:: Given entries

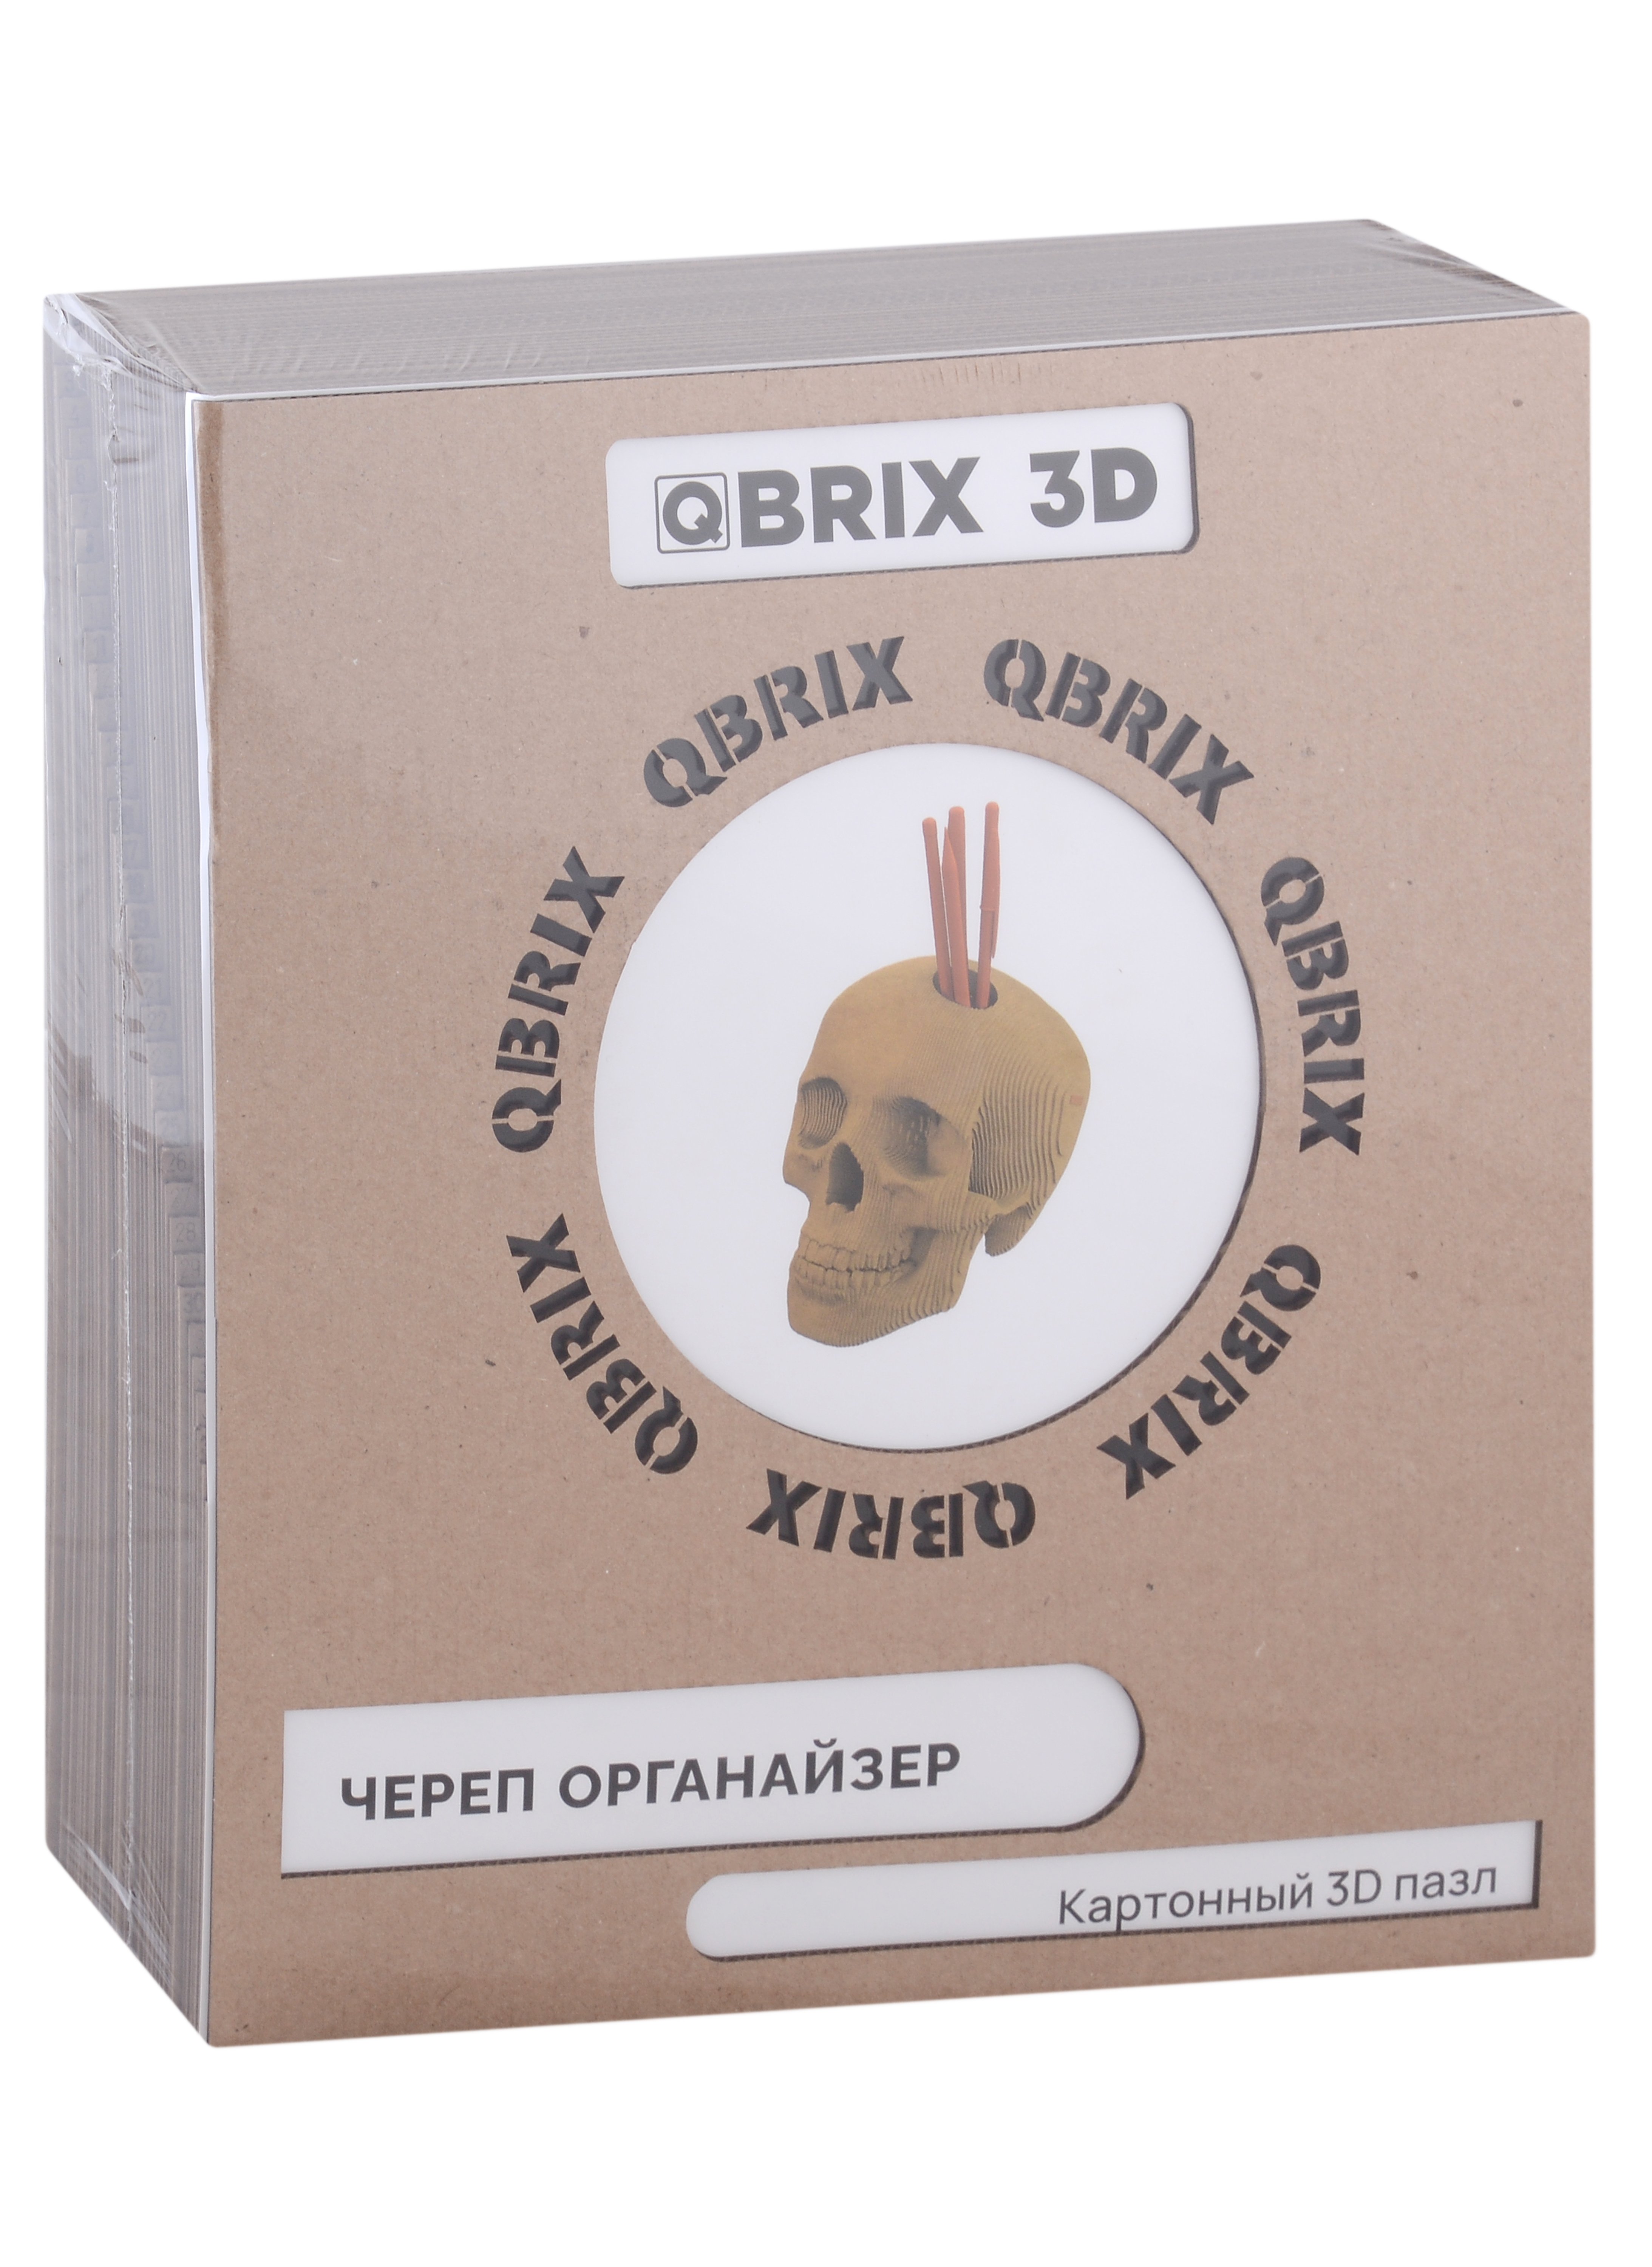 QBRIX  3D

::::
:: Given entries

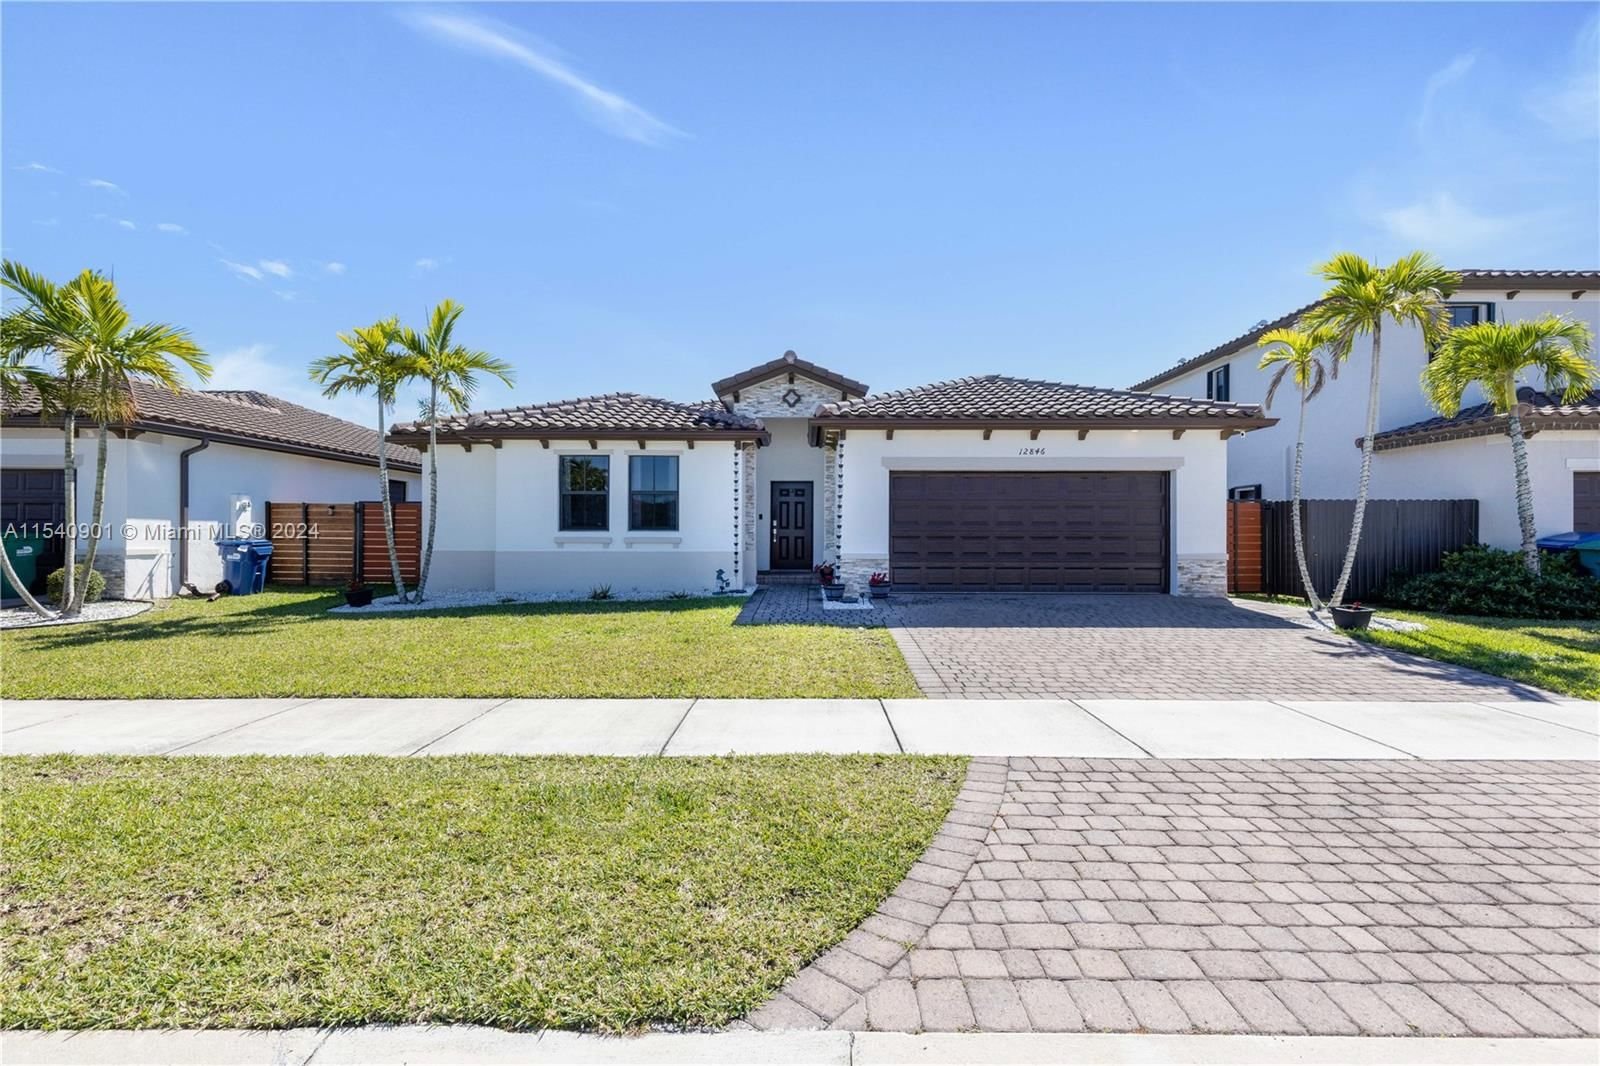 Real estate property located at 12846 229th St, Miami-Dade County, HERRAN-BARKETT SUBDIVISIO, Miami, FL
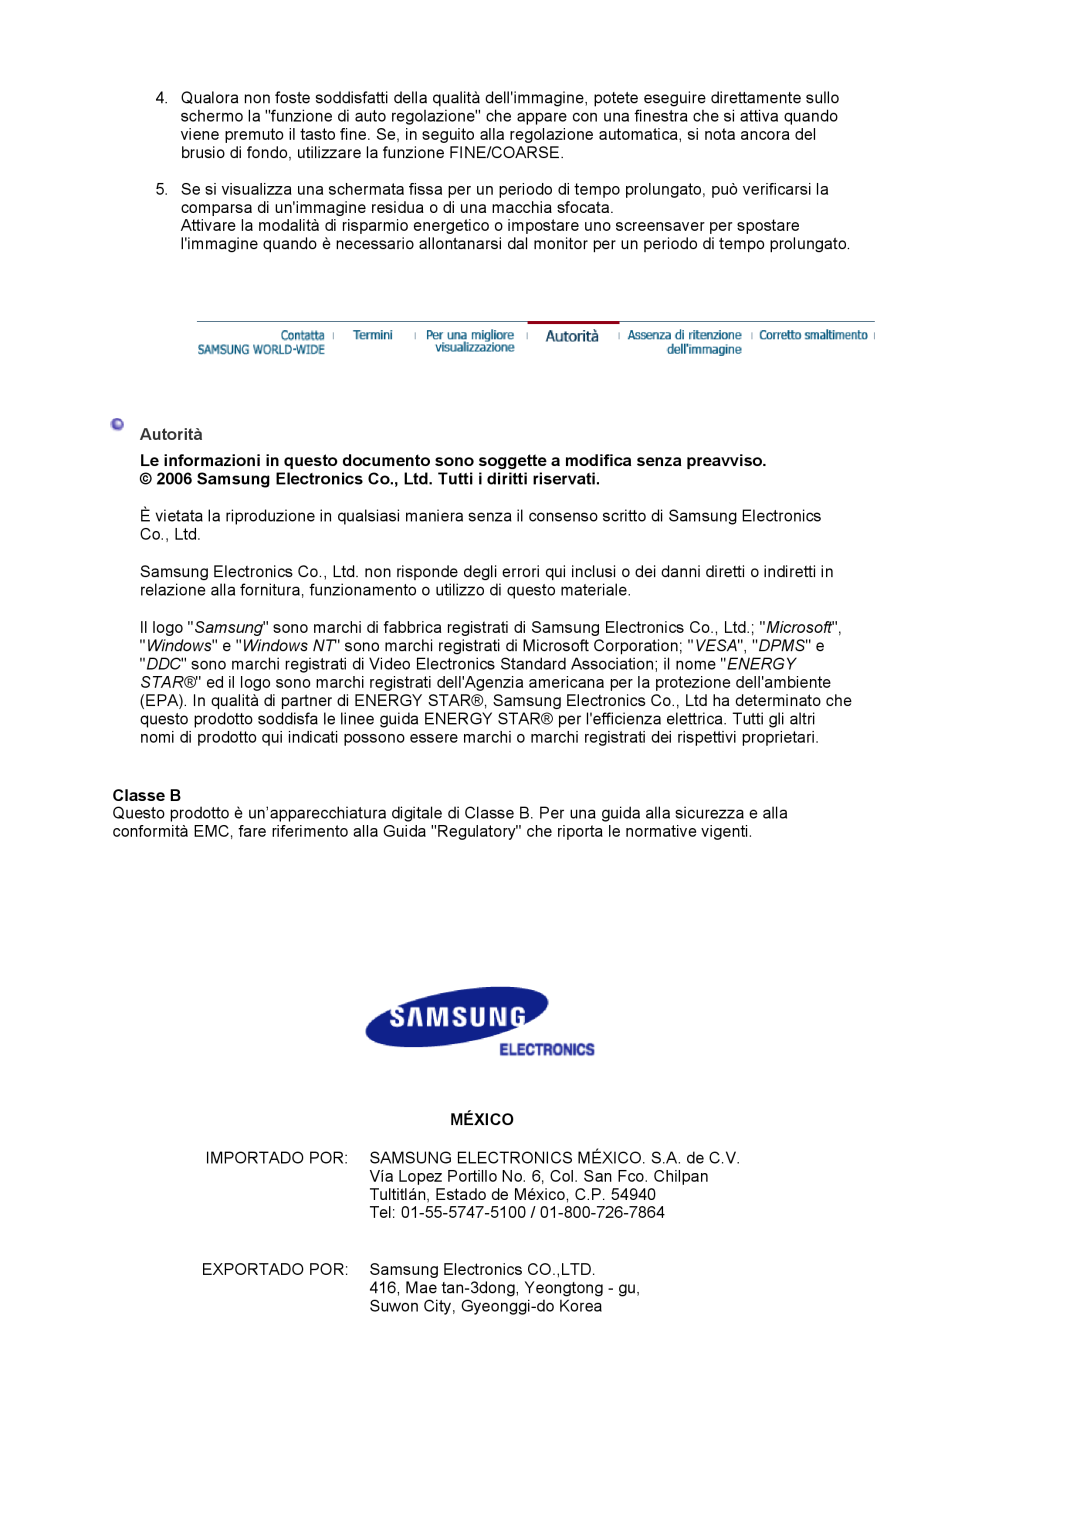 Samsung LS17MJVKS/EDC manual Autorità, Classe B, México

::::

What to do: Using the entries above, extract exactly the lines from the one that contains "Real estate property" through the one that contains "Samsung LS17MJVKS/EDC manual". Do not carry over any pictures.

Solved exercise:
 Real estate property located at 12846 229th St, Miami-Dade County, HERRAN-BARKETT SUBDIVISIO, Miami, FL
 Samsung LS17MJVKS/EDC manual Autorità, Classe B, México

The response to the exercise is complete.